The efficacy of CRISPR-GO system targeting different chromosomal regions in U2OS cells was tested. Both repetitive regions and non-repetitive genes were tested (
To produce lentivirus, HEK293T cells were transiently transfected with pHR constructs of interest, and packaging plasmids pCMV-dR8.91, and PMD2.G. Lentivirus was collected 72 hours after transfection by filtering supernatant through 0.45 μm filters. When necessary, virus supernatant can be concentrated using Lenti-X concentrator at 4° C. overnight, and centrifuged at 1500 g for 30 min at 4° C. to collect virus pellet. The pellets are suspended in cold culture medium, directly added into cells or frozen down in −80° C.
CRISPR imaging was performed to visualize the localization of Chr3, Chr13 and LacO loci in living cells (
Other genomic loci are labeled by DNA FISH in fixed cells. Cells were grown in ibidi chamber slides with a removable 12 well silicone chamber, and fixed with 4% PFA for 20 minutes. Lac 0, Chr7 and ChrX loci were labeled using synthesized fluorescent nucleotide probes (Integrated DNA Technologies, Redwood City, Calif.) according to a FISH protocol described (Takei et al., 2017). LacO loci were labeled with the Alexa Fluor 647 labeled FISH probe 5′-TTGTTATCCGCTCACAATTCCACATGTGGCCACAAA-3′ (SEQ ID NO: 40) at 10 nM concentration. Chr7 loci were labeled by Cy3 labeled FISH probe 5′-Cy3-CCCACACTCTCACCATAAGAGC-3′ (SEQ ID NO: 41) at 200 nM, and ChrX loci were labeled by 5-Cy3-TTGCCTTGTGCCTTGCCTTGC-3′ (SEQ ID NO: 42) at 200 nM. The CXCR4 FISH probe was purchased from Empire Genomics. The PTEN and XIST FISH probes were purchased from Cell Line Genetics. FISH was performed according merchandiser's protocols.
To detect co-localization between Cajal body markers and targeted LacO loci, U2OS 2-6-3 cells expressing a low level of PYL1-sfGFP-Coilin were transfected with lentivirus coding PGK-ABI-dCas9-P2A-Puro and sgLacO on day 0, treated with puromycin and 3 mM ABA on day 1, and fixed on day 2 after 20 hours of ABA treatment. FISH was performed in fixed samples to detect LacO loci using Alexa Fluor 647 labeled FISH probe, and then immunostaining was performed using mouse monoclonal anti-SMN, anti-Fibrillarin and anti-Gemin2 antibody, and Donkey anti-mouse Alex Fluor 594 secondary antibody.
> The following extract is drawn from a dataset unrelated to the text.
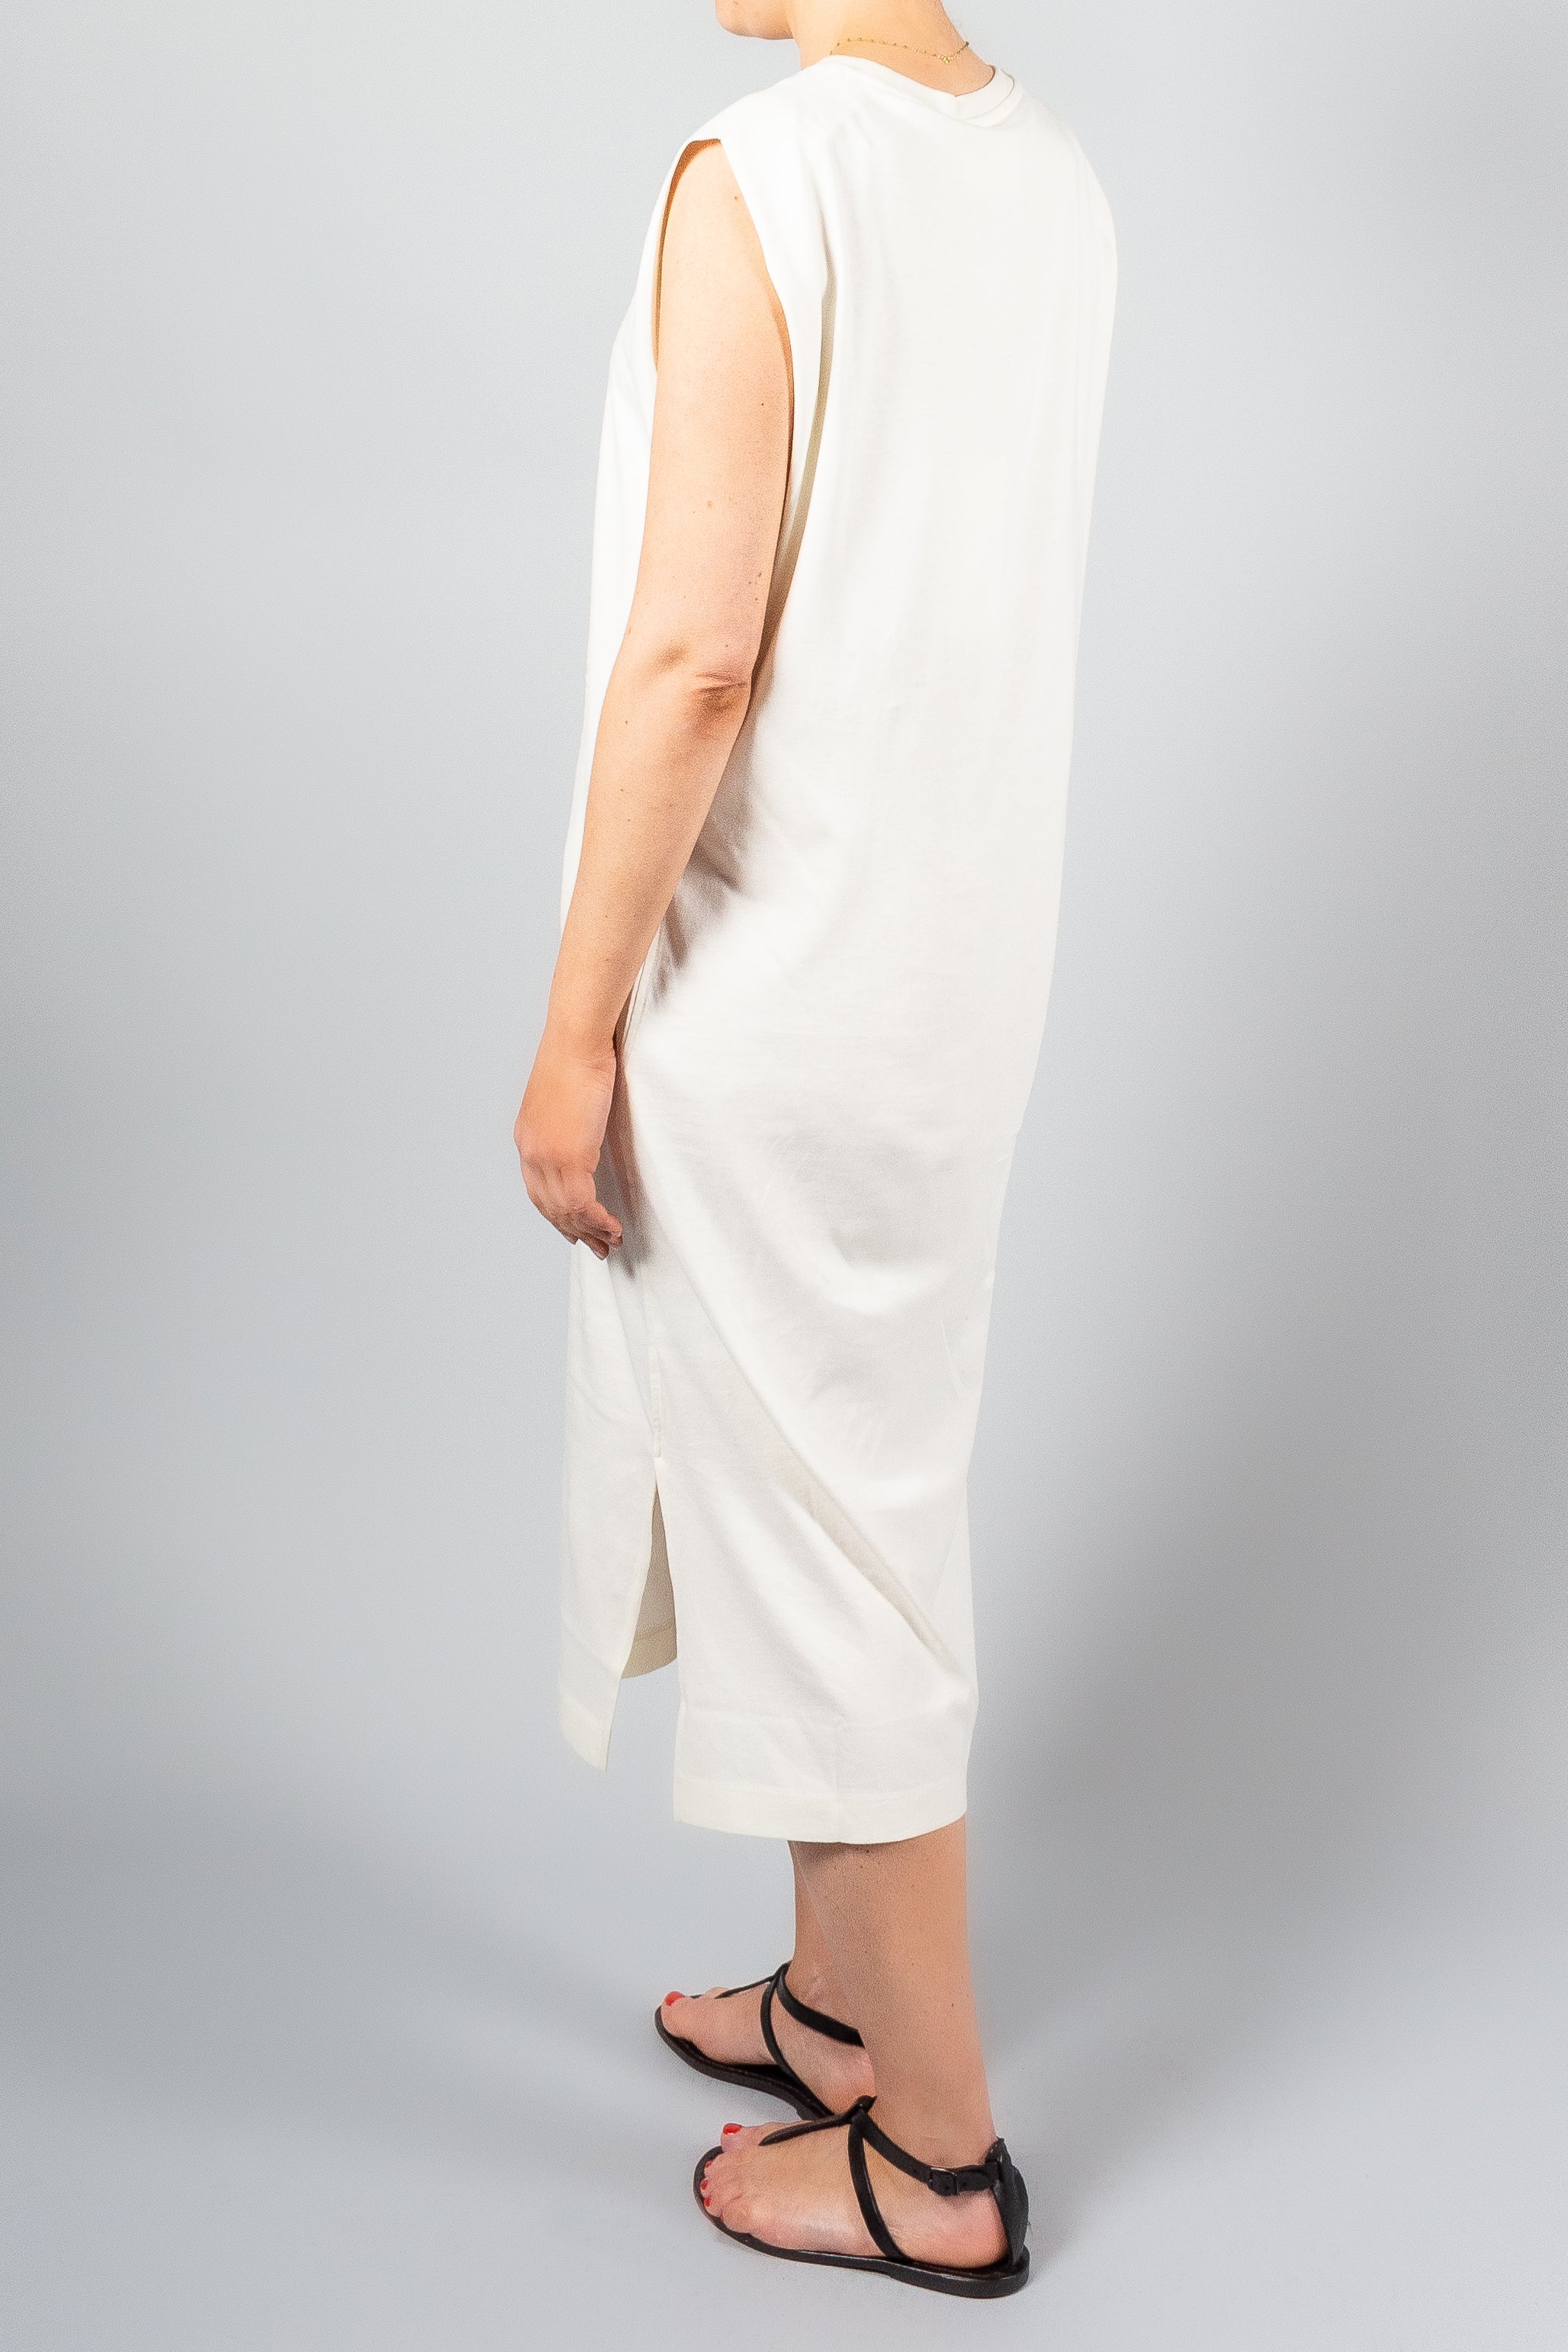 Closed T-Shirt Dress-Dresses and Jumpsuits-Misch-Boutique-Vancouver-Canada-misch.ca

To detect co-localization between PML body markers and targeted Chr3 loci, U2OS cells expressing PYL1-sfGFP-Coilin and PGK-ABI-dCas9 were transfected with lentivirus coding dCas9-HaloTag (for CRISPR imaging) and sgChr3 on day 0, treated with puromycin and 3 mM ABA on day 1, stained by JF549-HaloTag and fixed in 4% paraformaldehyde (PFA) in Day 3. Immunostaining was performed in fixed samples with rabbit polyclonal anti-SP100, and Donkey anti-rabbit Alex Fluor 647 secondary antibody.
For immunostaining, the fixed samples permeabilized in the permeabilization buffer (PBS, 1% Triton-X100) for 15 min, blocked in blocking buffer (PBS, 0.3% Triton-X 100, 5% Donkey normal Serum) for 1 hour, incubated with the primary antibody diluted in the blocking buffer overnight at 4° C., washed in PBS three times, then incubated with the secondary antibody at room temperature for 1-2 hours, and washed four times in PBS.
For re-localization experiments, U2OS cells containing chemical-inducible re-localization systems and sgRNAs are treated by abscisic acid (ABA, Sigma-Aldrich, A1049) at 3 mM for 2 days before imaging or fixation.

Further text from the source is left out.